2. The refrigerant system as set forth in claim 1, wherein a flow
control device selectively communicates said second flow stream of
refrigerant downstream of said auxiliary heat exchanger being
returned to said compressor, either through a reheat portion that
is in a path of said air to provide a reheat function, or can
bypass said second flow stream of refrigerant into a bypass line to
be returned directly to said compressor without providing the
reheat function.
3. The refrigerant system as set forth in claim 2, wherein a flow
control device is positioned in each of a line leading to said
reheat portion, and said bypass line.
4. The refrigerant system as set forth in claim 1, wherein said
auxiliary heat exchanger is placed in said path of air to provide
said reheat function.
5. The refrigerant system as set forth in claim 1, wherein said
auxiliary heat exchanger is an economizer heat exchanger, and there
being a tap for said second stream of refrigerant for being tapped
from a first flow of refrigerant and being passed through an
economizer expansion device, said tapped refrigerant exchanging
heat with said first flow of refrigerant in said economizer heat
exchanger.
6. The refrigerant system as set forth in claim 5, wherein said
tapped flow of refrigerant being returned to an intermediate
compression portion in said compressor.
7. The refrigerant system as set forth in claim 1, wherein a return
line for returning refrigerant to said compressor is placed in said
path of air.
8. The return line as set forth in claim 7, wherein at least a
portion of this line has enhanced heat transfer surfaces to promote
heat transfer between the refrigerant in said return line and air
in said air path.
9. The refrigerant system as set forth in claim 5, wherein a
three-way valve selectively directs refrigerant from said tap and
downstream of said economizer heat exchanger either into said path
of air, or to bypass said path of air when a reheat function is not
desired.
10. The refrigerant system as set forth in claim 5, wherein said
economizer heat exchanger itself is placed in the path of said
air.
11. The refrigerant system as set forth in claim 1, wherein said
two refrigerant flows are maintained separately within said
auxiliary heat exchanger.
12. The refrigerant system as set forth in claim 1, wherein said
auxiliary heat exchanger has said first refrigerant stream
surrounded by said second refrigerant stream, and such that said
second refrigerant stream is exposed to said air.

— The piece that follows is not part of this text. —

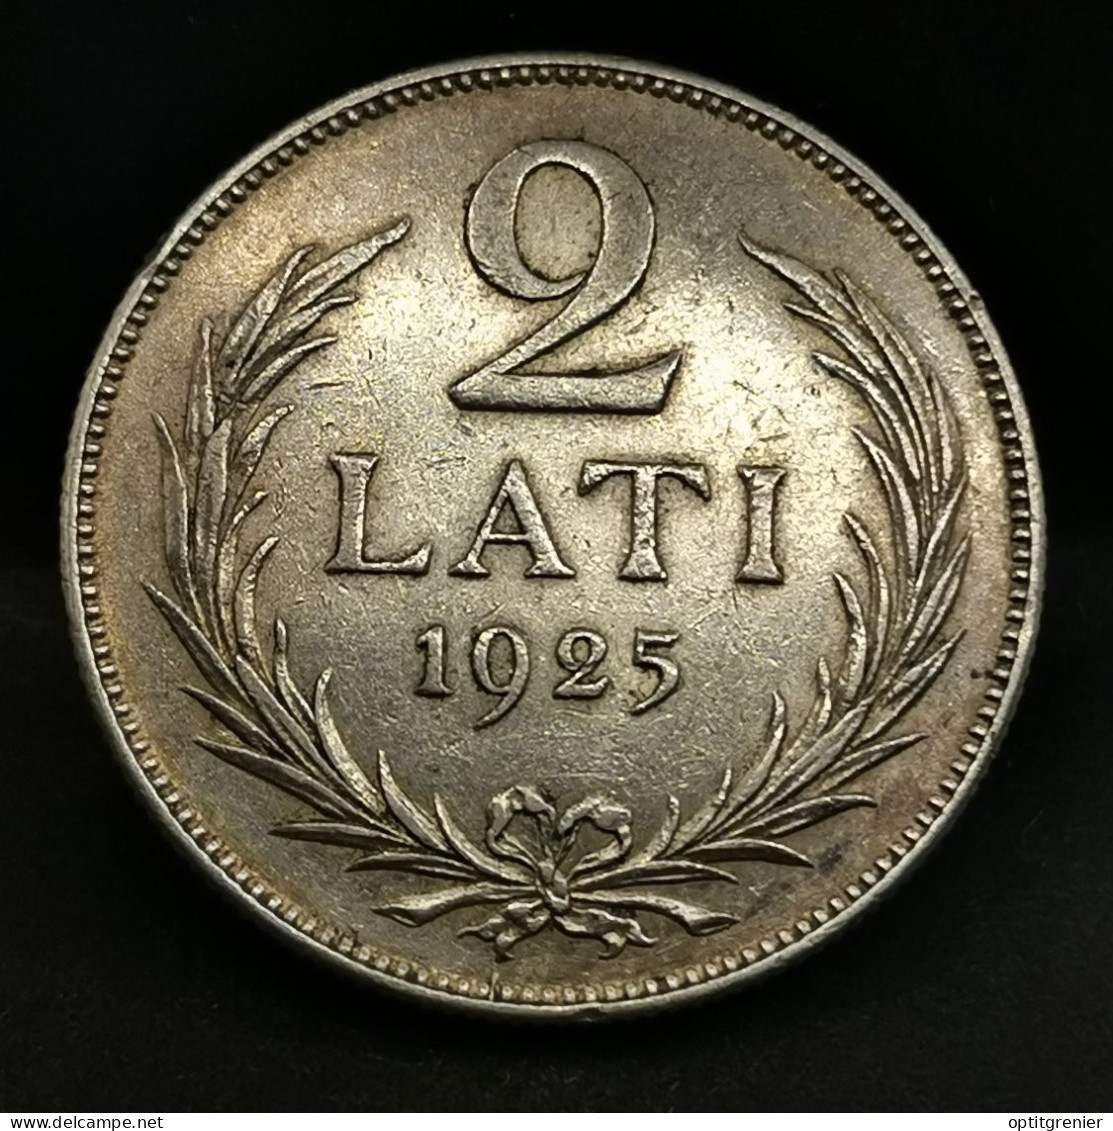 2 LATI 1925 ARGENT LETTONIE / SILVER - Letonia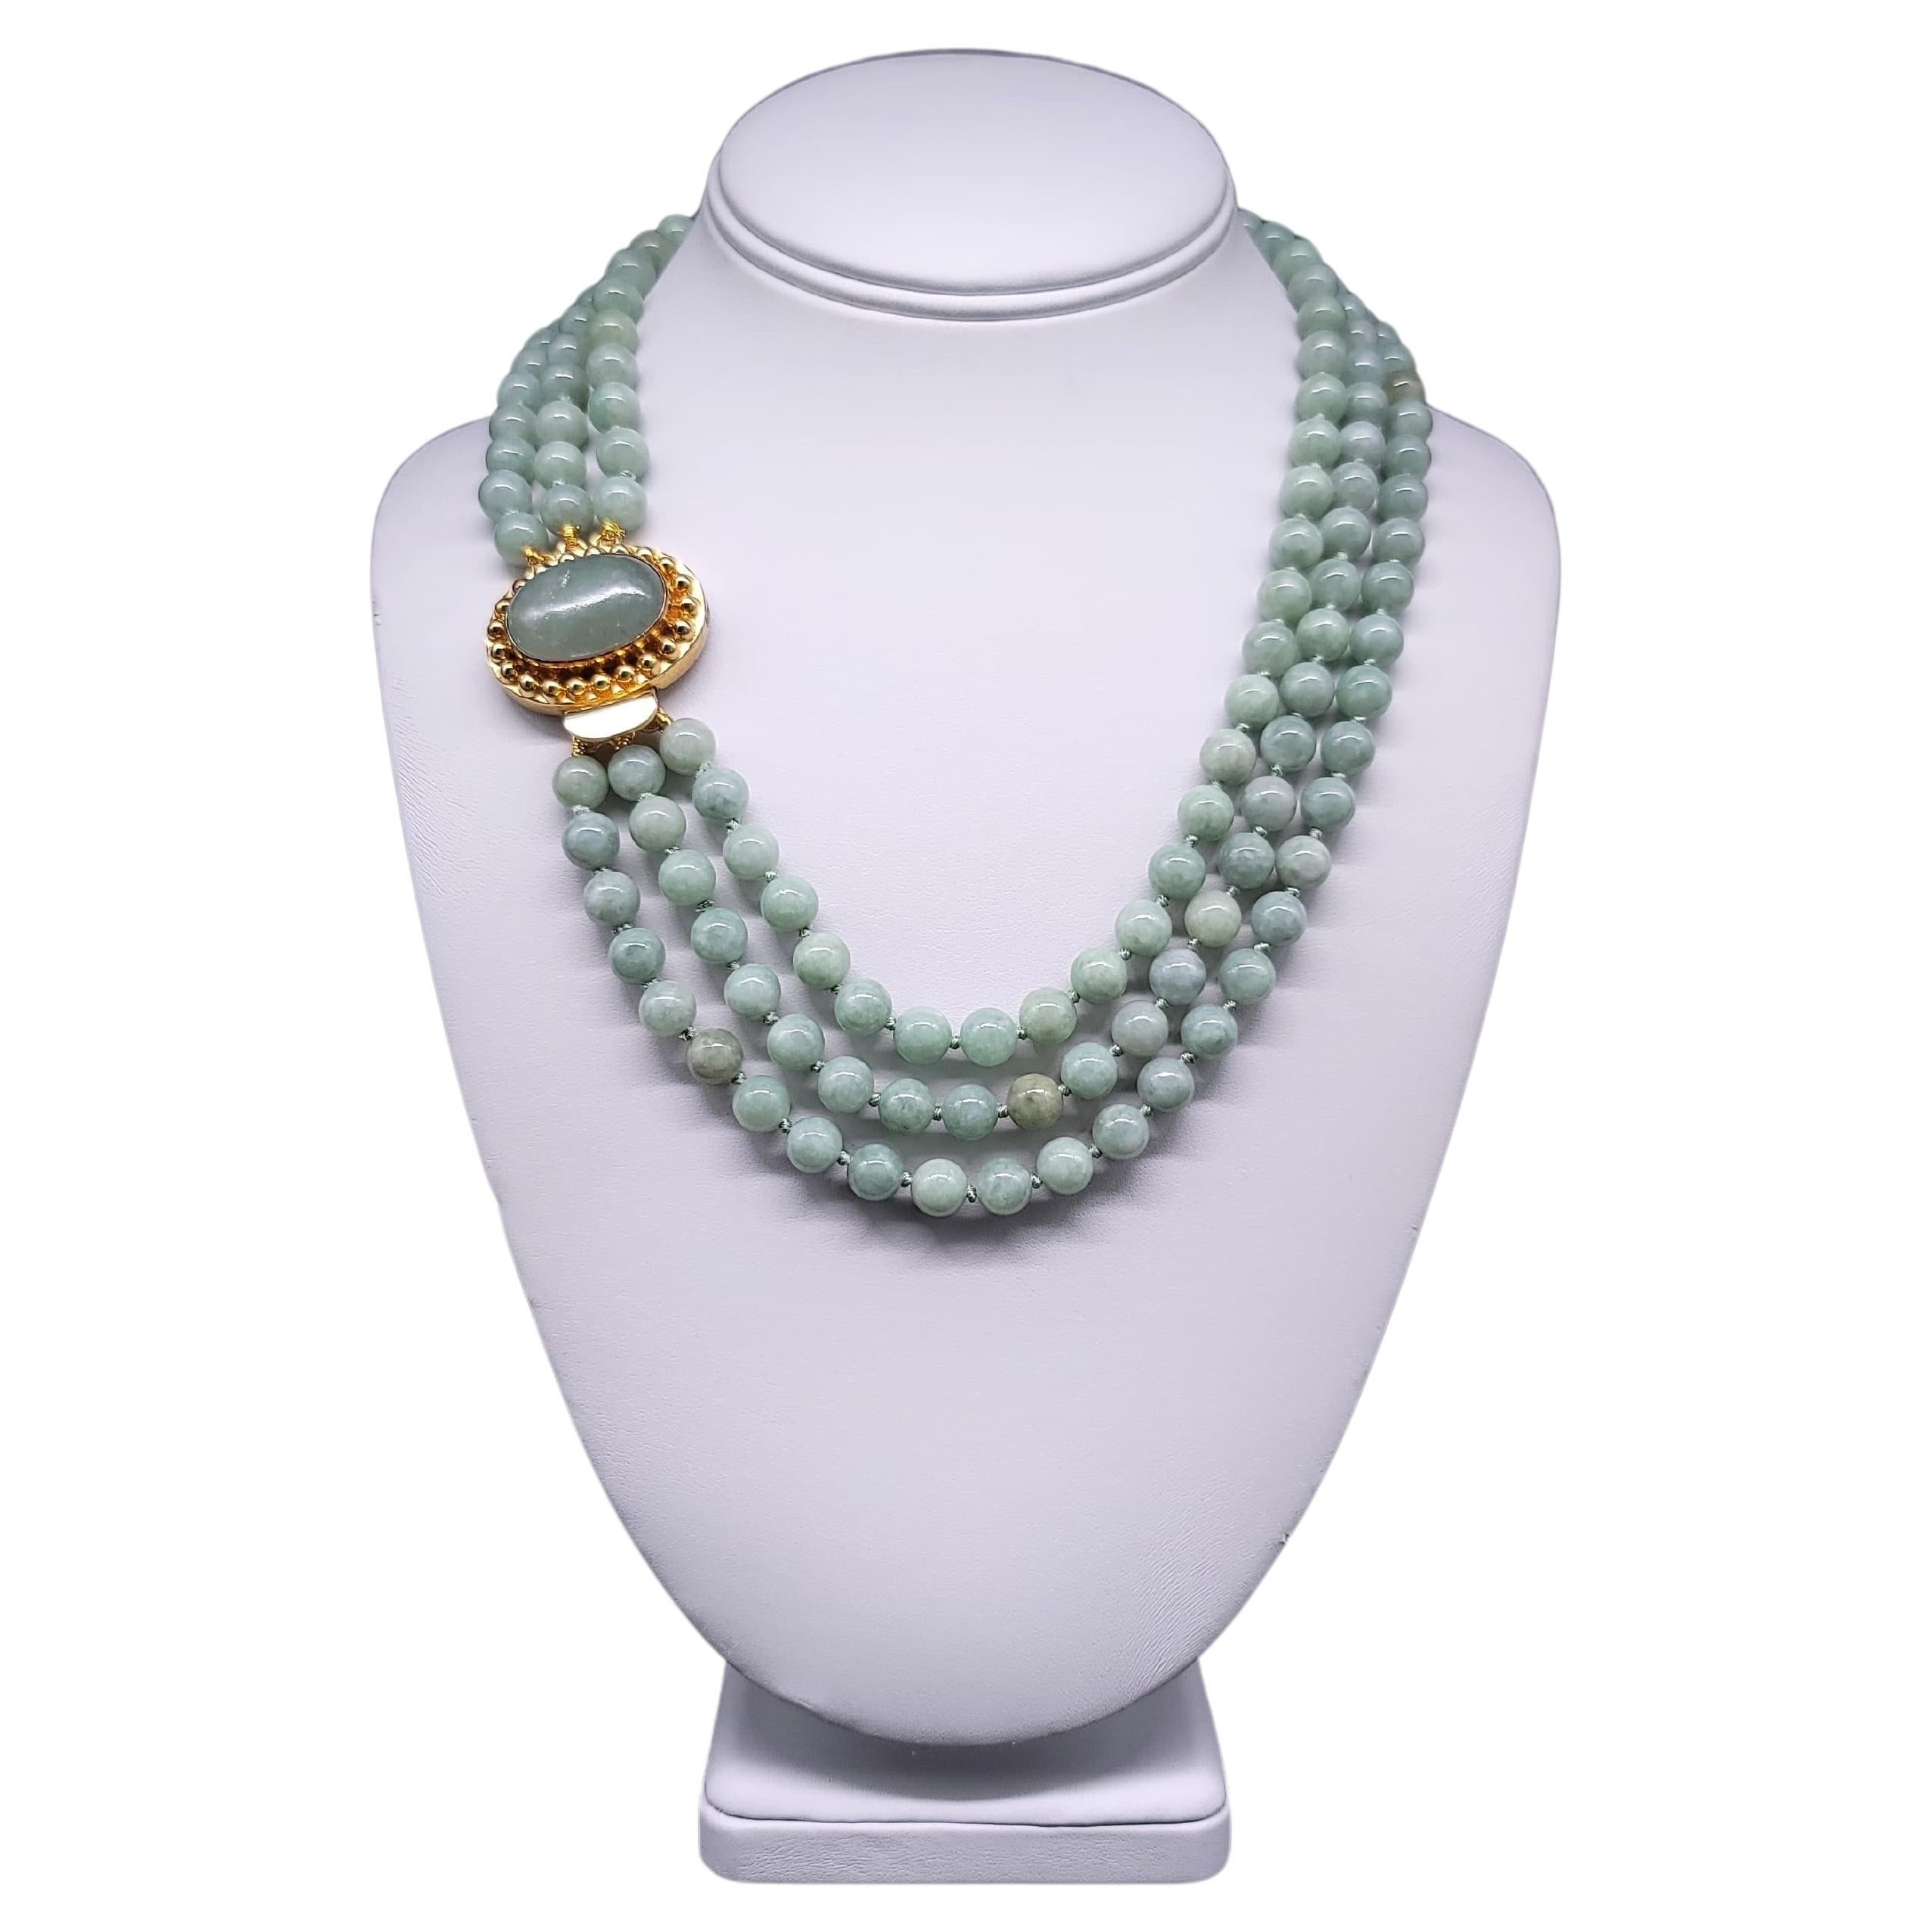 A.Jeschel Exquisite Natural Burmese Jade signature clasp necklace.

13. The refrigerant system as set forth in claim 1, wherein said
second refrigerant stream is surrounded by said first refrigerant
stream, and such that said first refrigerant stream is exposed to
said air.
14. The refrigerant system as set forth in claim 1, wherein both
said first and second refrigerant streams in said auxiliary heat
exchanger are exposed to said air.
15. A refrigerant system comprising: a compressor for compressing
refrigerant and delivering the refrigerant to a condenser; a main
expansion device positioned downstream of said condenser, and an
evaporator positioned downstream of said main expansion device, an
air moving device for passing air over said evaporator; and an
auxiliary heat exchanger, said auxiliary heat exchanger cooling a
refrigerant passing from said condenser toward said evaporator,
said refrigerant being cooled by a downstream refrigerant returning
to said compressor downstream of said evaporator, and a refrigerant
line of said downstream refrigerant passing to said compressor
being placed in a path of air driven by said air moving device
downstream of said evaporator to provide a reheat function.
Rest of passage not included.